Primitive of Logarithm of x

Theorem

$\ds \int \ln x \rd x = x \ln x - x + C$

Corollary

$\ds \int \map \ln {1 - x} \rd x = \paren {x - 1} \map \ln {1 - x} - x + C$

Proof 1

With a view to expressing the primitive in the form:

$\ds \int u \frac {\d v} {\d x} \rd x = u v - \int v \frac {\d u} {\d x} \rd x$

let:

 $\ds u$ $=$ $\ds \ln x$ $\ds \leadsto \ \$ $\ds \frac {\d u} {\d x}$ $=$ $\ds \frac 1 x$ Derivative of $\ln x$

and let:

 $\ds \frac {\d v} {\d x}$ $=$ $\ds 1$ $\ds \leadsto \ \$ $\ds v$ $=$ $\ds x$ Primitive of Constant

Then:

 $\ds \int \ln x \rd x$ $=$ $\ds x \ln x - \int x \paren {\frac 1 x} \rd x + C$ Integration by Parts $\ds$ $=$ $\ds x \ln x - \int \rd x + C$ simplifying $\ds$ $=$ $\ds x \ln x - x + C$ Primitive of Constant

$\blacksquare$

Proof 2

Note that we have:

 $\ds \int_0^1 \ln x \rd x$ $=$ $\ds \int_0^1 x^0 \paren {\ln x}^1 \rd x$ $\ds$ $=$ $\ds \frac {\paren {-1}^1 \map \Gamma 2} {1^2}$ Definite Integral from $0$ to $1$ of $x^m \paren {\ln x}^n$ $\ds$ $=$ $\ds -1$ Gamma Function Extends Factorial

We therefore have:

 $\ds -1$ $=$ $\ds \int_0^1 \ln x \rd x$ $\ds$ $=$ $\ds \frac 1 a \int_0^a \map \ln {\frac u a} \rd u$ substituting $x = \dfrac u a$ where $a > 0$ $\ds$ $=$ $\ds \frac 1 a \int_0^a \paren {\ln u - \ln a} \rd u$ Difference of Logarithms $\ds$ $=$ $\ds \frac 1 a \int_0^a \ln u \rd u - \ln a$ Primitive of Constant, Fundamental Theorem of Calculus

giving:

$\ds \frac 1 a \int_0^a \ln u \rd u = \ln a - 1$

so:

$\ds \int_0^a \ln u \rd u = a \ln a - a$

for all real $a > 0$.

By Fundamental Theorem of Calculus: First Part, we have that:

$x \ln x - x$ is a primitive of $\ln x$ on $x > 0$.
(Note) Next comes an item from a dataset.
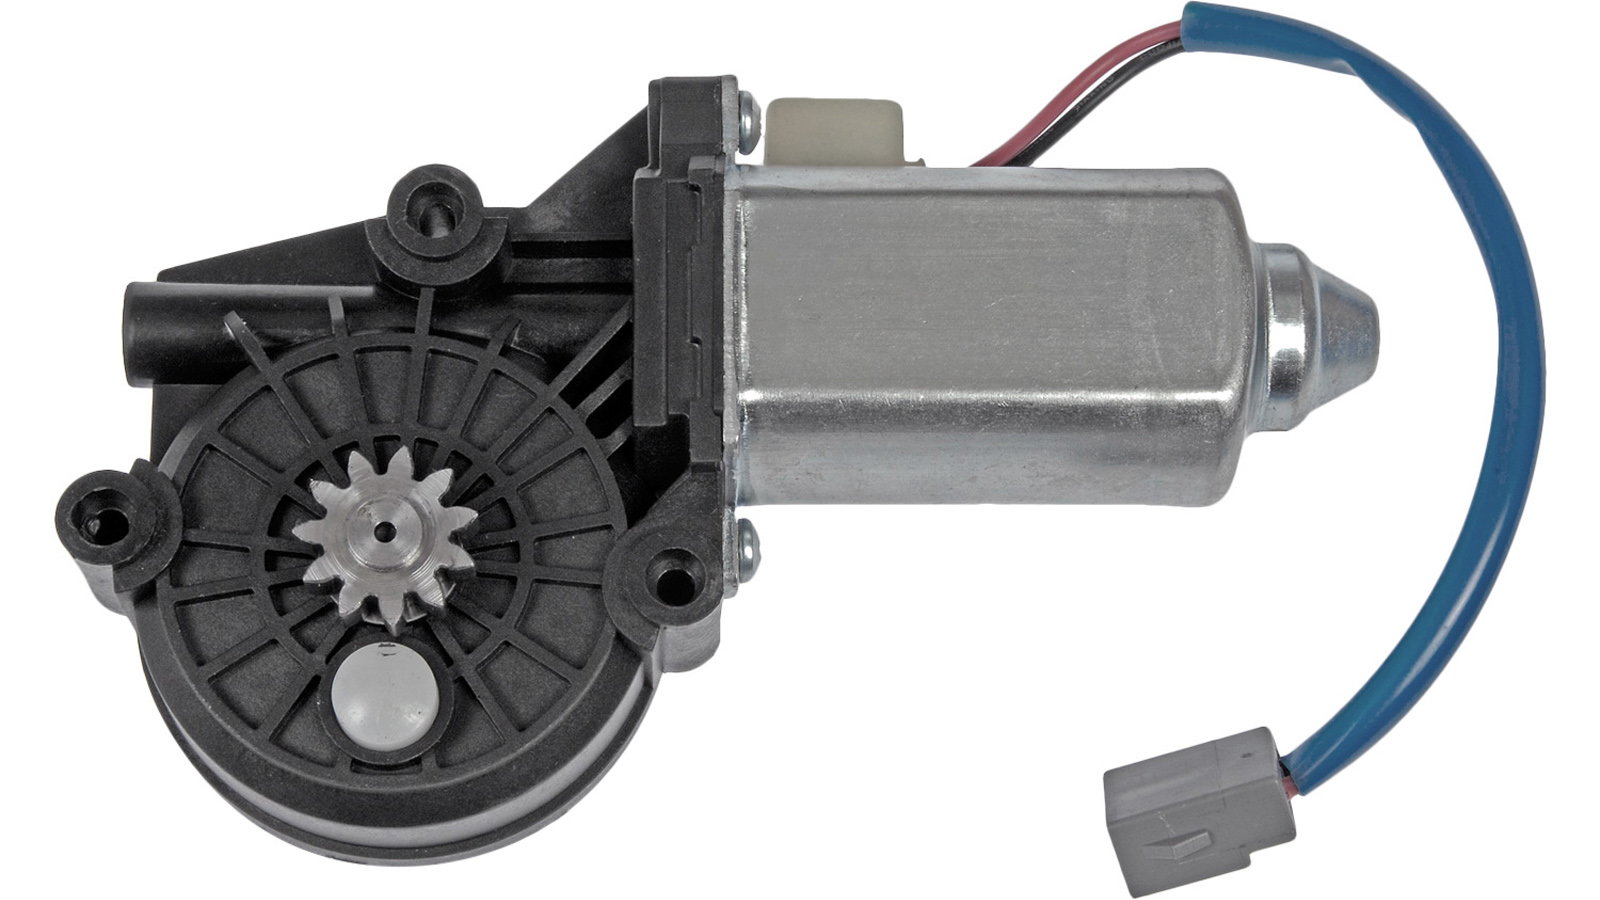 Details about   For Ford F-150 85-91 Power Window Motor Reman Remanufactured Front Passenger

We therefore conclude that, by Primitives which Differ by Constant:

$\ds \int \ln x \rd x = x \ln x - x + C$

for $x > 0$.

$\blacksquare$

Also presented as

Some sources present this result as:

$\ds \int \ln x \rd x = x \paren {\ln x - 1} + C$